EXPLORE THE UNSEEN
子供がはじめて遊園地のアトラクションに一人で乗った。
親から離れて一人で15分ぐらい並んで待って、お姉さんの指示を聞いて、乗り物に乗りこんで、一人でベルト締めて。
乗ったのは遊園地によくあるメリーゴーラウンドや空中ブランコのように、小さなドラゴンにのってくるくる回るタイプのやつ。それぞれ別の色のドラゴンが5匹だけついた小さな、小さい子供向けのアトラクション。4才でも一人で乗れるぐらいだから本当に小さくて、親が待っている場所から子供の様子が全部見えた。
並んで待っている間、前の同じ歳ぐらいの子どもに何やら話しかけては、ケンカにならないかと親をヤキモキさせたり(勿論なんともなかった)、かと思えば親が自分を見ている事に気が付いて嬉しそうに笑ったり。順番がきて、係員のお姉さんと何やらお話しして、指示を聞いているときの横顔の真面目そうな面持ちとか。
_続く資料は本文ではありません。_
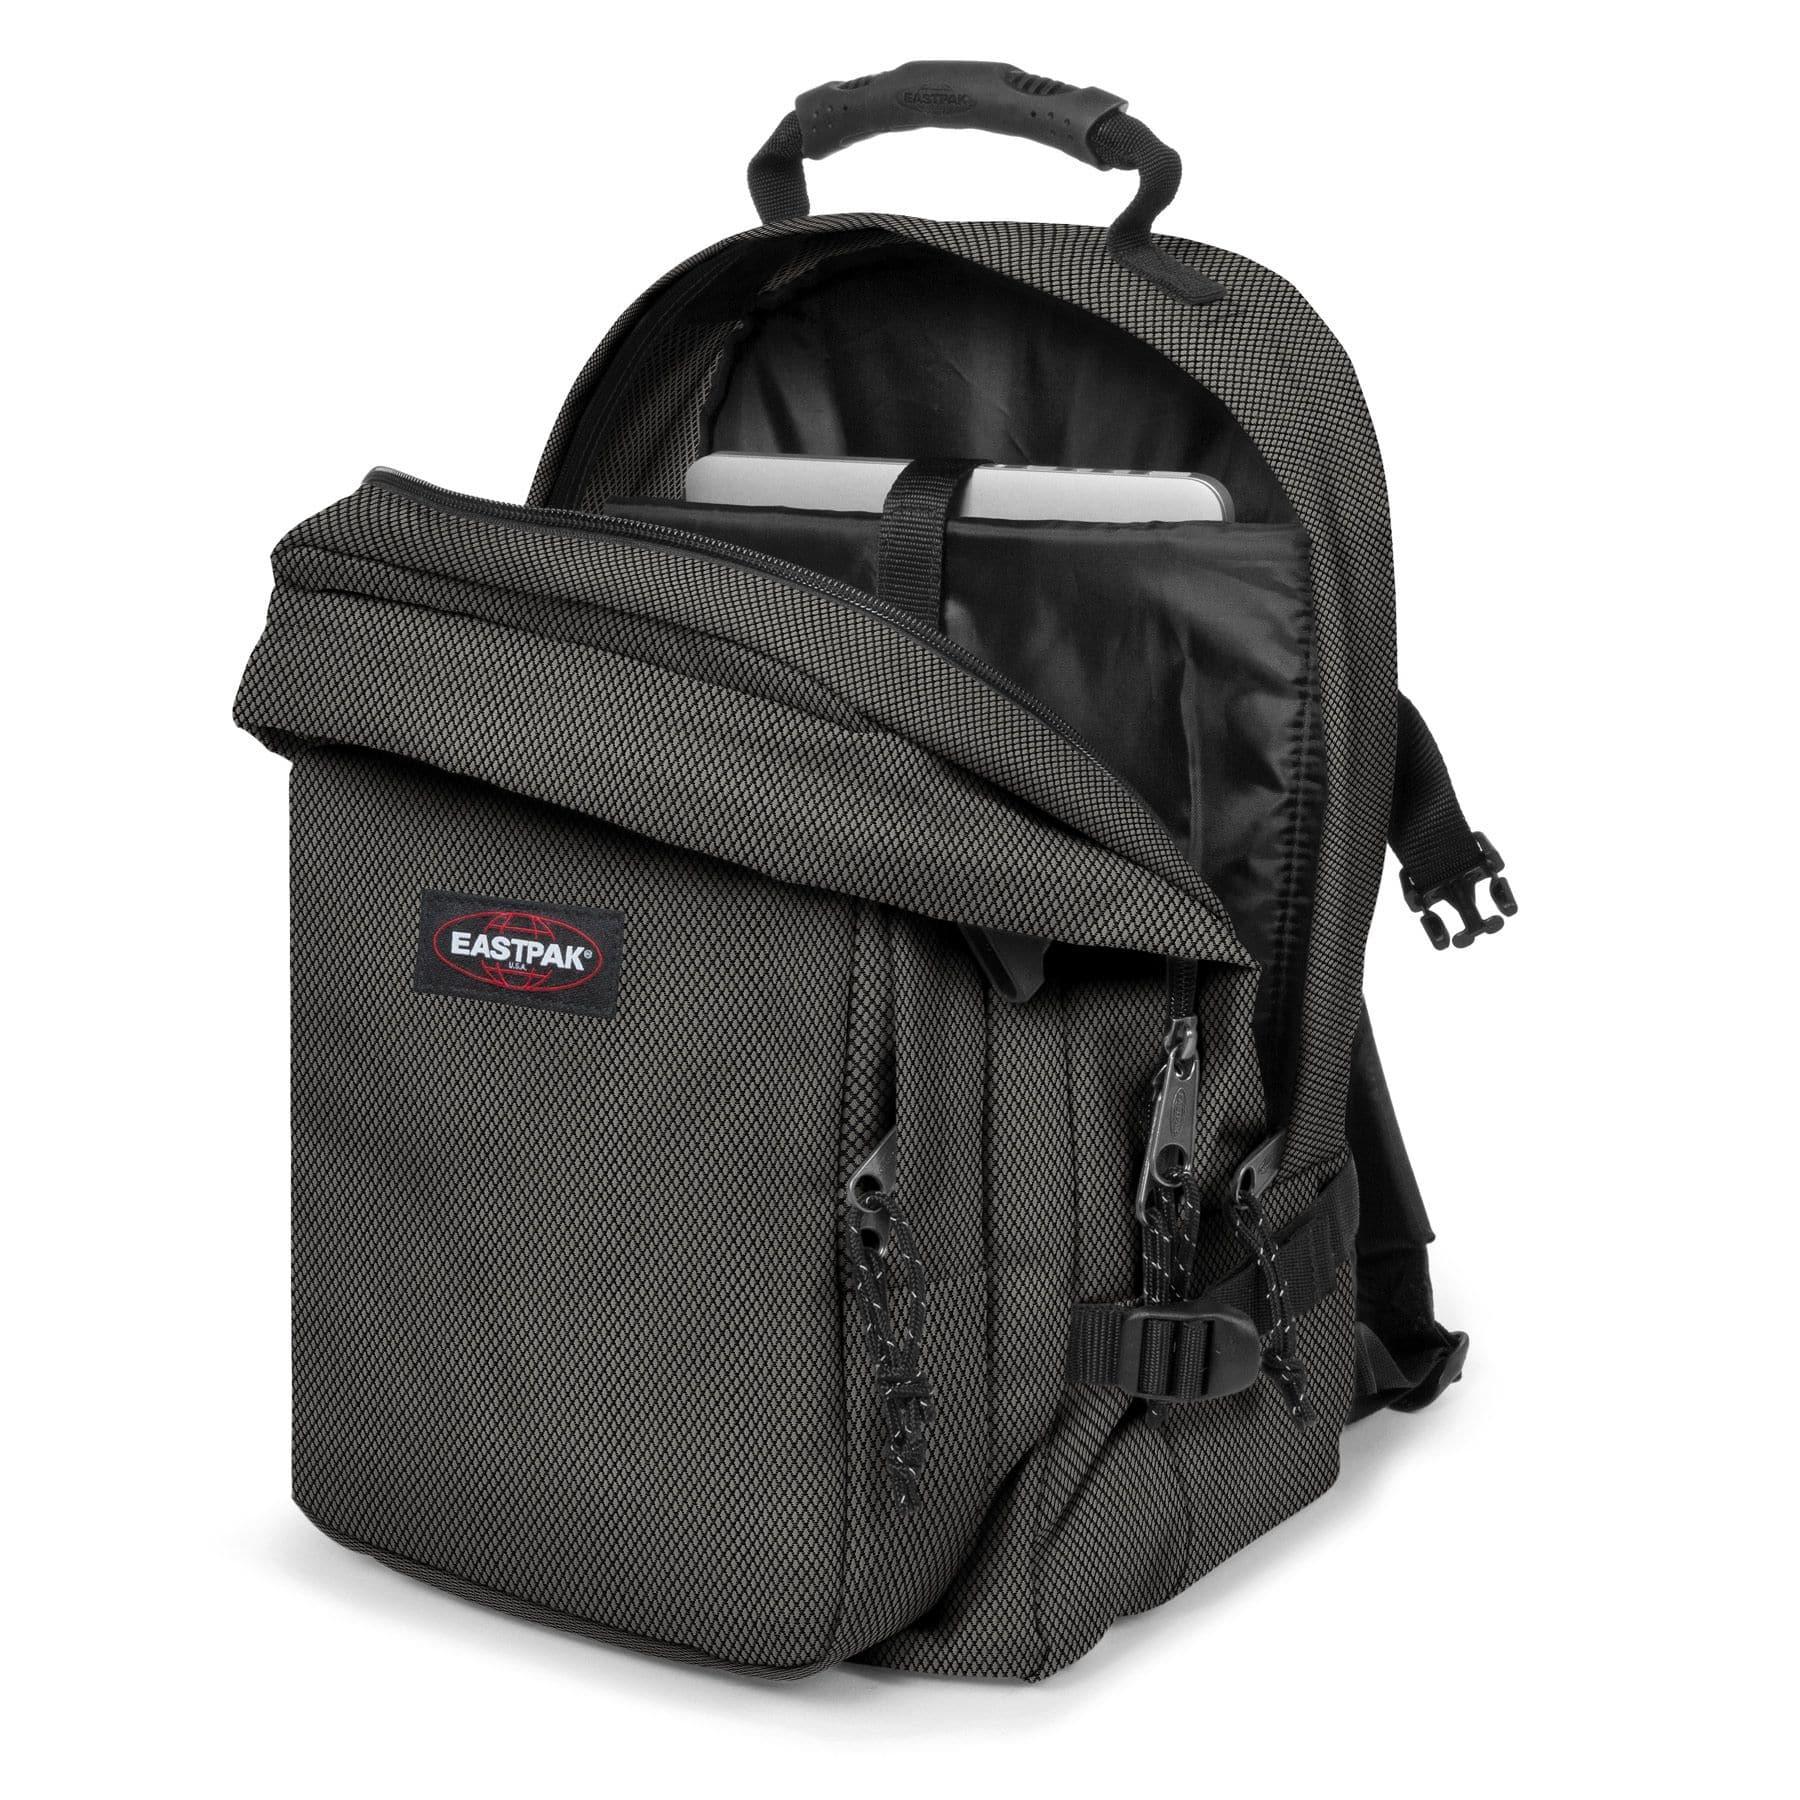 Eastpak Provider Meshknit Grey-185028

全部見えるんだけど、遊園地の喧騒もあって全く声が聞こえないから全部が遠い世界の出来事みたいに思えて。
アトラクションが動き始めても一周ぐらいは緊張した顔したまま、まっすぐ前を見て、ハンドル握りしめて。柵の外で待つ親の方など一瞥もしなかった。
2周目で、やっと親を見つけると、まだ少し緊張の残った顔で、小さく手を振ってくれた。
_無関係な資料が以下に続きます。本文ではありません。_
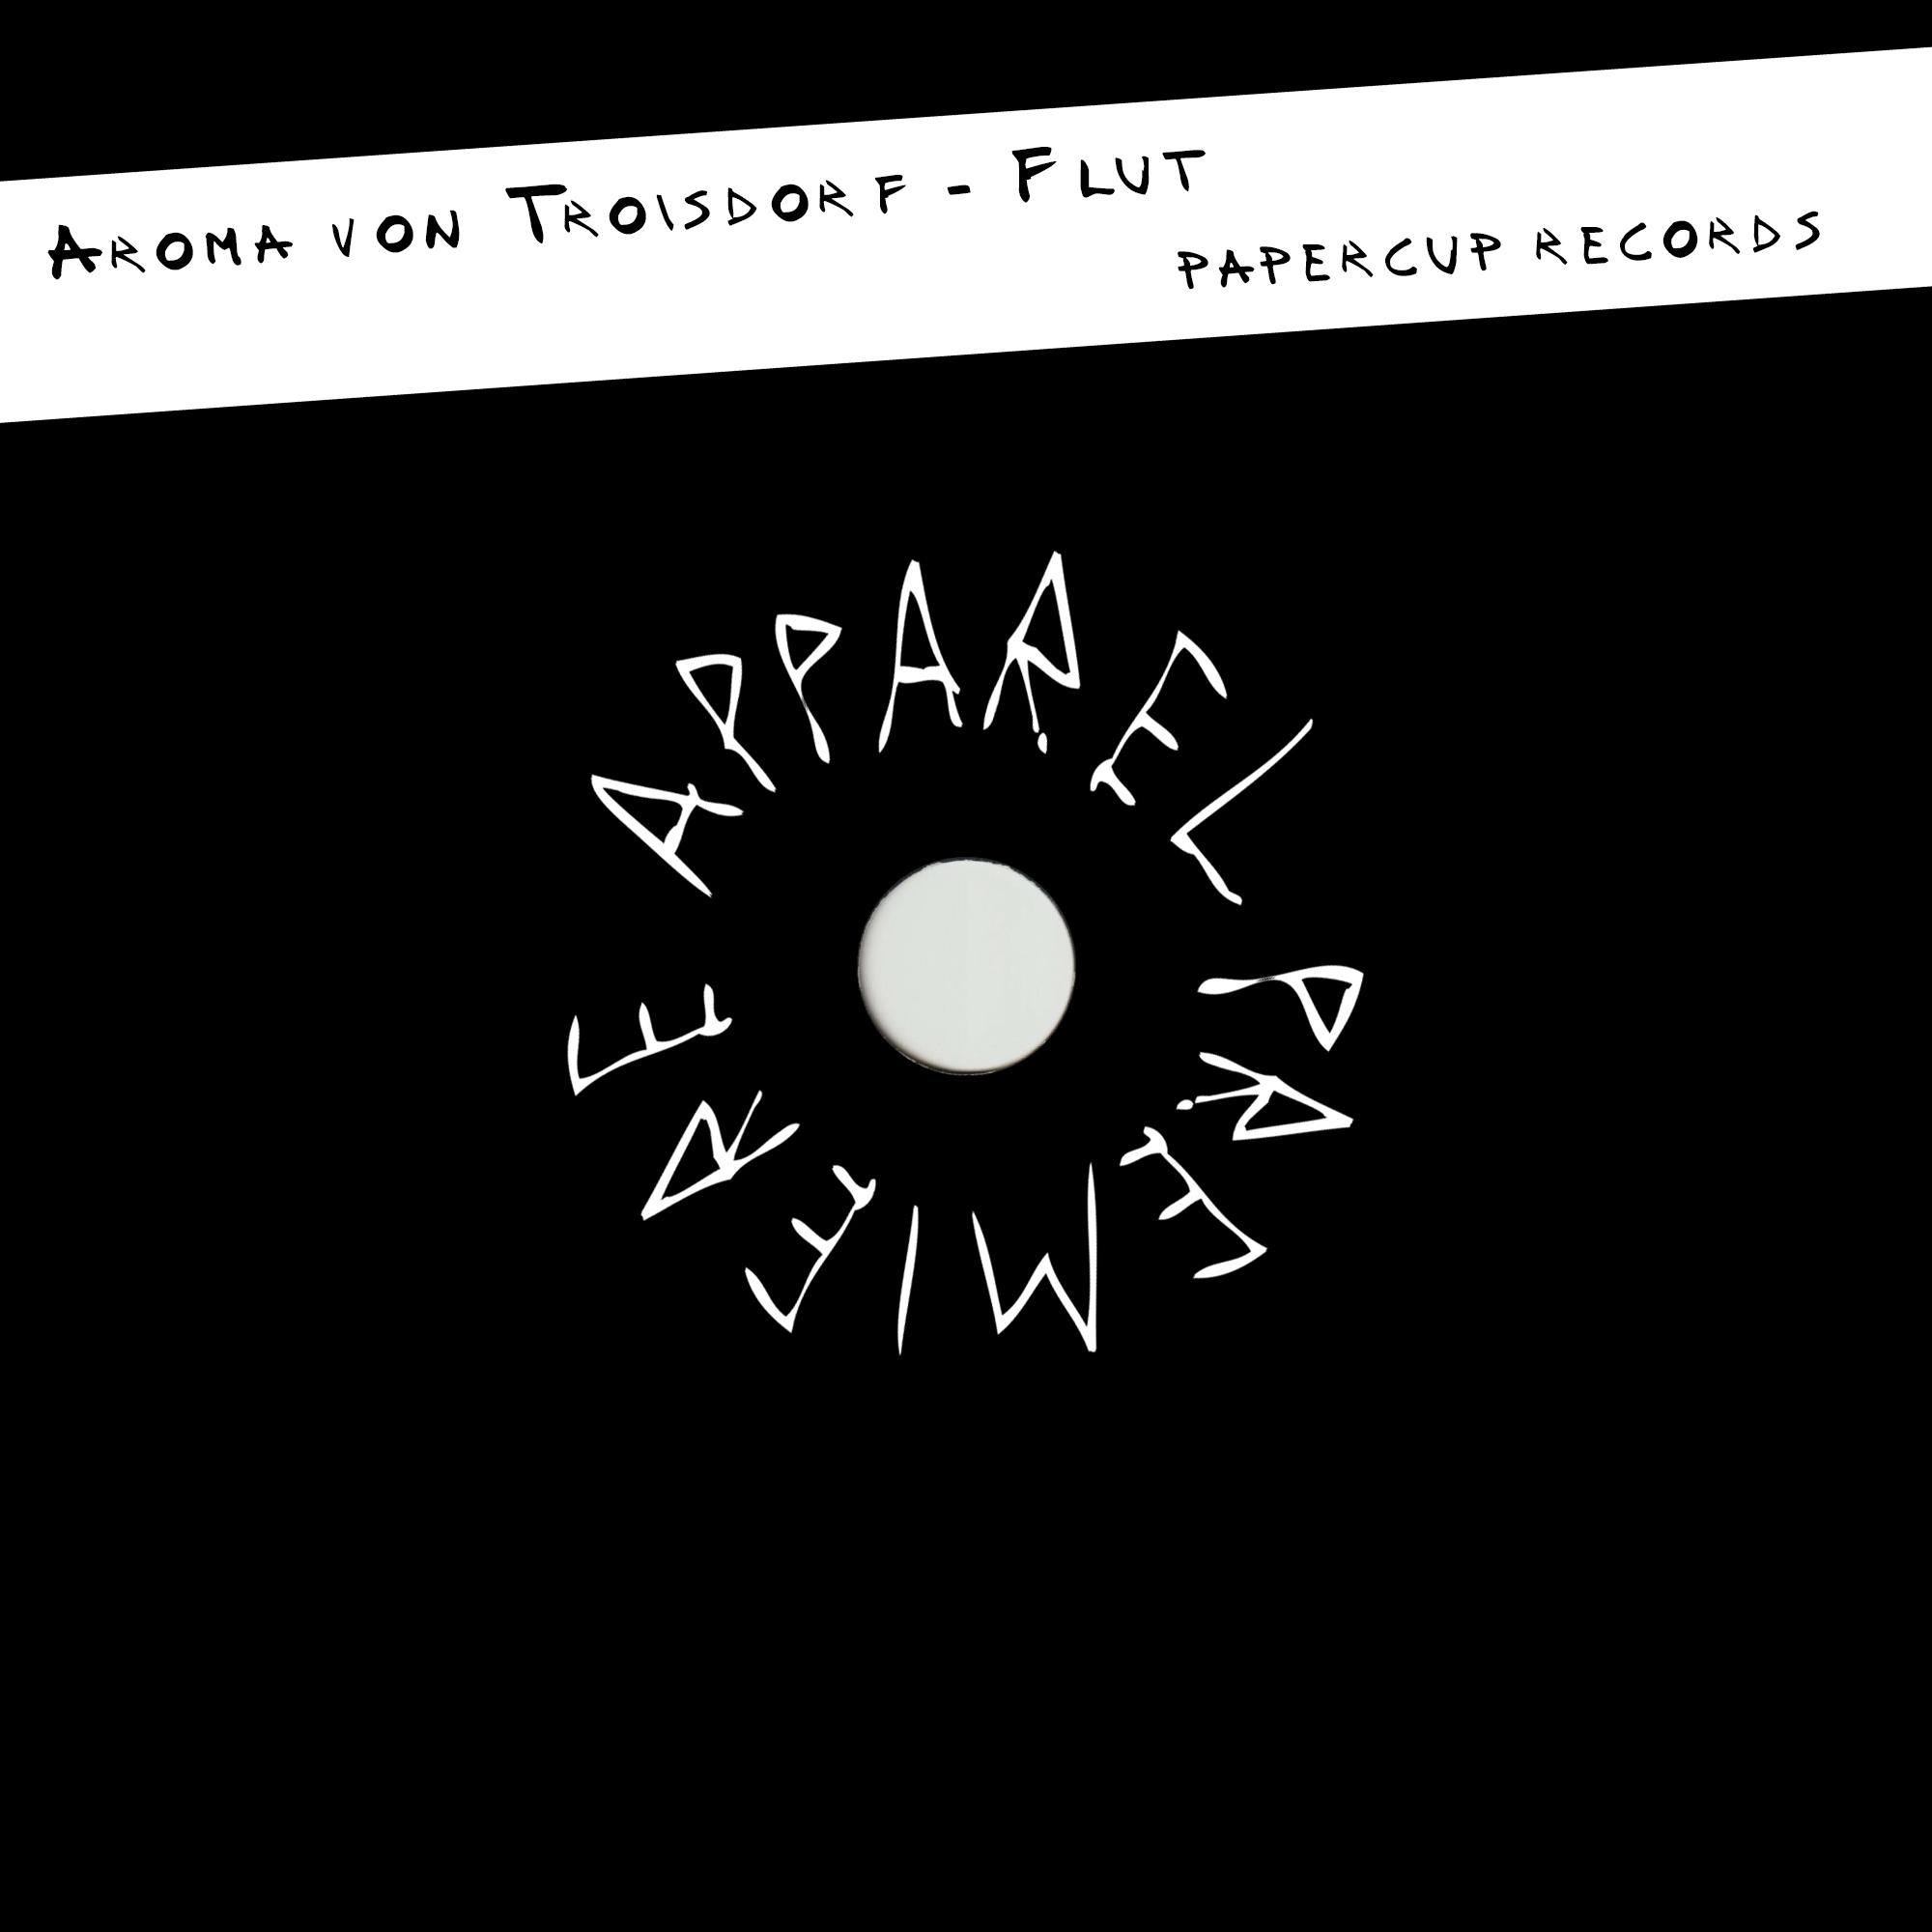 APPAREL PREMIERE Aroma von Troisdorf – Flut [Papercup Records]

それから、アトラクションが一回転して戻って来るたび、盛大に手を振る親に、律儀に手を振り返してくれた。
あっという間にアトラクションは回転をやめ、係員のお姉さんが
「ベルトを外して下さい」
とアナウンスする。即ベルトを外そうとするけれど、バックルが硬いのか外せなくて少し焦っている。
これは係員のお姉さんがお手伝いに来てくれるのを待たないといけないかな?と親が思っているうちに、自分で外せたようで、焦った心細そうな顔が、一瞬で誇り高い顔になった。
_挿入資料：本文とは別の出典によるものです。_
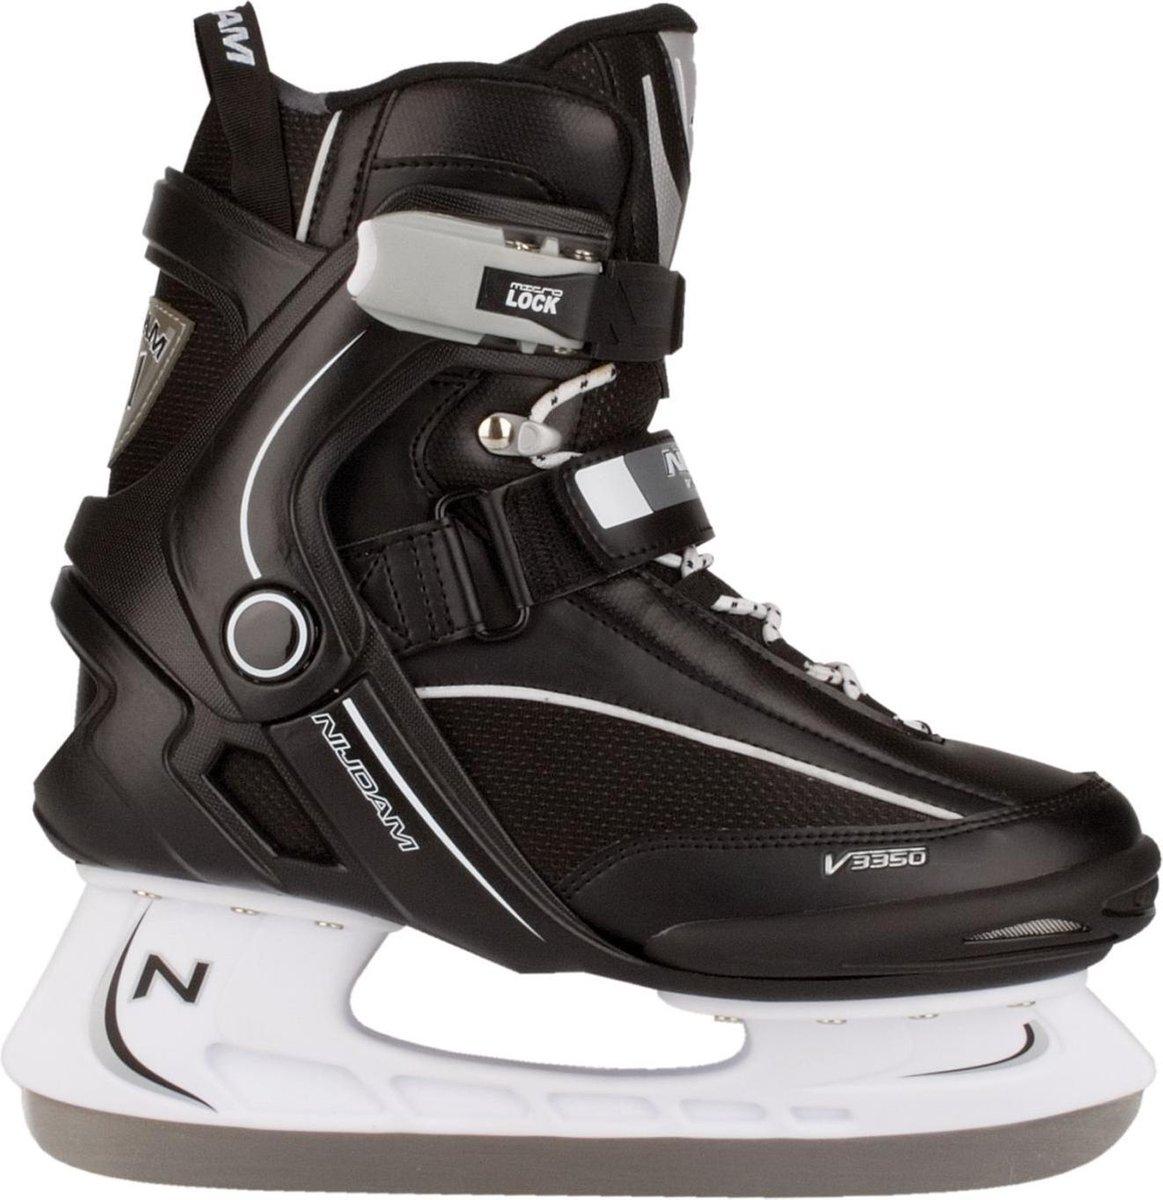 Nijdam IJshockeyschaats - Semi-Softboot - Zwart/Wit - Maat 39

遊園地のドラゴンに一人で乗って、自分でベルトも付け外しできるお兄さんの自信。
自身に満ちた足取りで、ドラゴンから降りると柵の外にいる親の所まで走ってきた。
4才の彼の小さな世界が、既に親の手の届かないところに広がりつつある。 なんだか感傷的になってしまって泣きそうになった。
遊園地で遊んだ後、併設のモールのセールを覗いて、子どもにEXPLORE THE UNSEENと書かれた宇宙柄の服を買って帰った。
「まだ見ぬものを探検せよ」
夜眠る前に
「今日、ドラゴン乗る前に係のお姉さんとお話ししていたでしょう?何を話していたの?」と訊くと、
「(お姉さんが)ピンクでもいい?って言って(自分が)うんって言って、ピンク(のドラゴン)に乗った」と教えてくれた。
彼は確かにピンクのドラゴンに乗っていた。最後の1つに乗ったので、5色あるドラゴンのうちピンクしか空いていなかったのだ。
この調子で母の知らない世界のことをこれからも教えてね。